If memory serves, when this particular station was first launched in Calgary it was called The Breeze (definitely not a Lynyrd Skynyrd reference) and promised the Starbucks set the “softer sides of Phil Collins, Eric Clapton and Sting.” Zzz. The B.B.M. ratings measured something next to nothing.
The local “classic rock,” okay, middle-aged white guys’ station’s music library seems comprised exclusively of greatest hits compilations. Mysteriously, these collections apparently consist of just three songs, so ‘Forty Licks’ is actually ‘Three Licks.’ The Beatles’ double ‘blue’ album is actually an EP. The contemporary rock station, still known by its call letters (rare these days), is unlistenable, mired in the post-grunge sludge of Staind and Puddle of Mudd and other bands who can’t spell too gud.
Criticizing commercial rock radio is as easy as shooting KISS in a barrel. And, yes, these are the cranky complaints of a Methuselah in dog years, but you cannot imagine an artist like Van Morrison, a man seemingly mystically obsessed with the medium (‘Wavelength‘ and countless coda callouts – “Turn it up! A little bit higher…”), being inspired by a single one of your local commercial FM stations these days.
Nor even, God bless us all, a one hit wonder like Autograph (‘Turn Up the Radio’). And songs of praise to disc jockeys like the jubilant ‘Saint Jake’ by the Del-Lords or the Kinks’ concerned ‘Around the Dial’ speak to another time, one when Lou Reed could write: “Then one fine mornin’ she puts on a New York station/She don’t believe what she heard at all/She started dancin’ to that fine fine music/You know her life was saved by rock ‘n’ roll.”
Something happened to rock radio sometime between the disintegration of Led Zeppelin and the advent of Nickelback and it sure as hell wasn’t punk (two Clash songs and that Green Day ballad used in the Seinfeld finale to programmers). Corporate chain ownership, the rise and fall of A.O.R. into even more rigid and fragmented formats, staff cuts, boss jocks more concerned with their wacky on-air personae patter rather than the platters that matter? All of the above and whatever else besides.

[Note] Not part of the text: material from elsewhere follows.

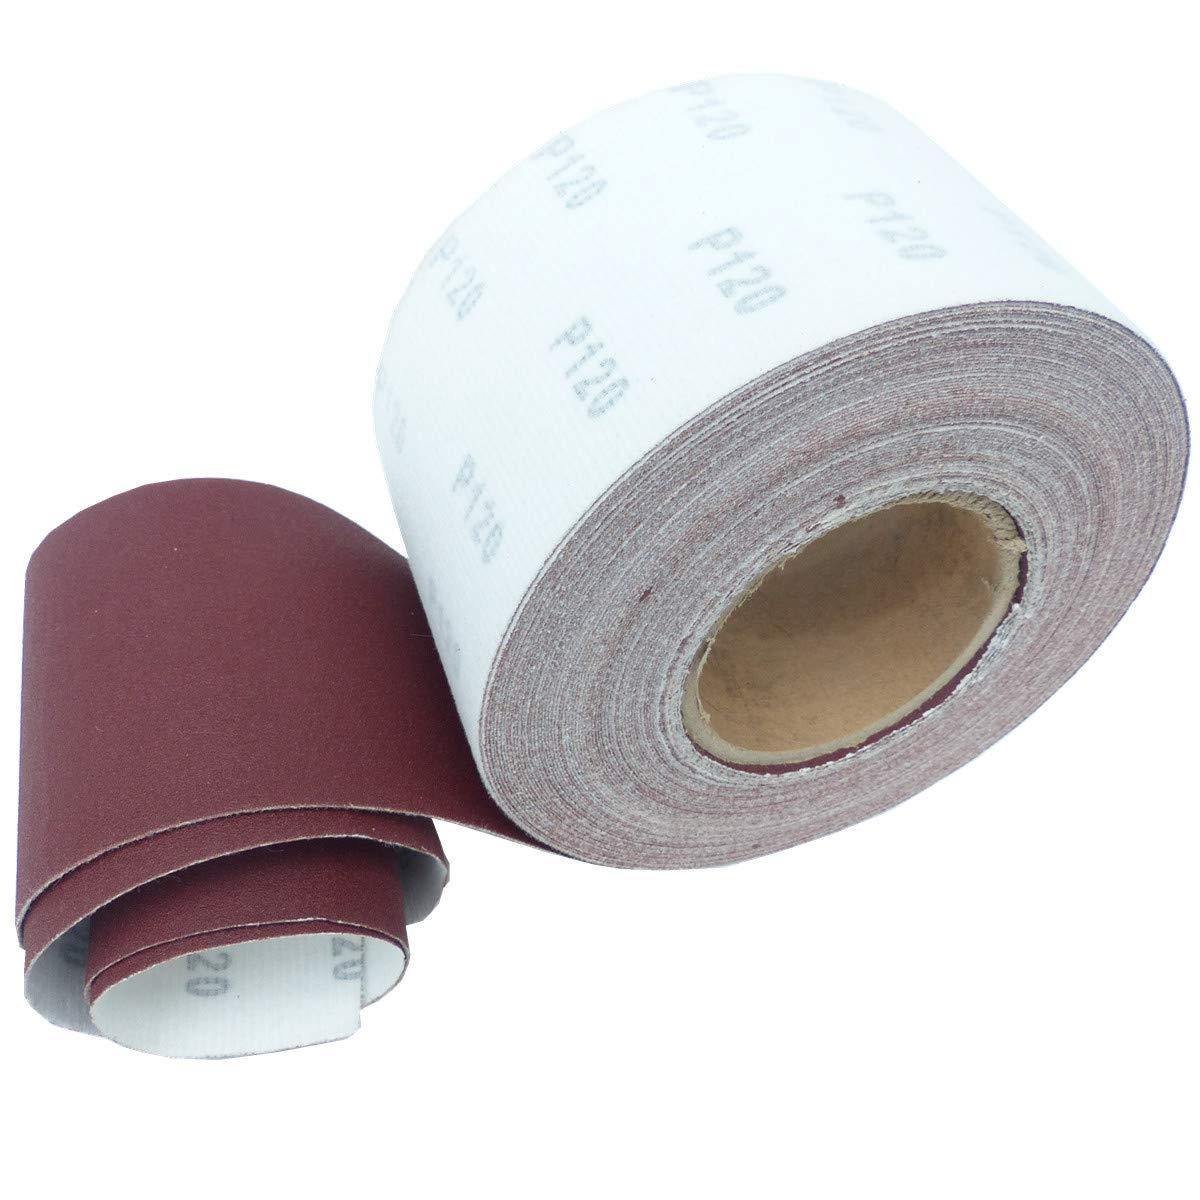 25m KLETT Schleifpapier Rolle 93mm X 25m Korn P180 Schleifband Schleifrolle Rollenschleifpapier BOHRFUX

All traditional media are hurting in this digital age which provides consumers a myriad of narrowcast, almost individually tailored, alternatives. Yet FM radio remains a proven and economical buy for advertisers (its raison d’etre after all). Improving its content by simply literally and figuratively turning the record over, as in the old days, might a good way to re-engage music fans and maybe, just maybe, create some new ones.
***
Geoff Moore is a writer and advertising guy who lives in Calgary. He can’t appreciate ABBA, even ironically…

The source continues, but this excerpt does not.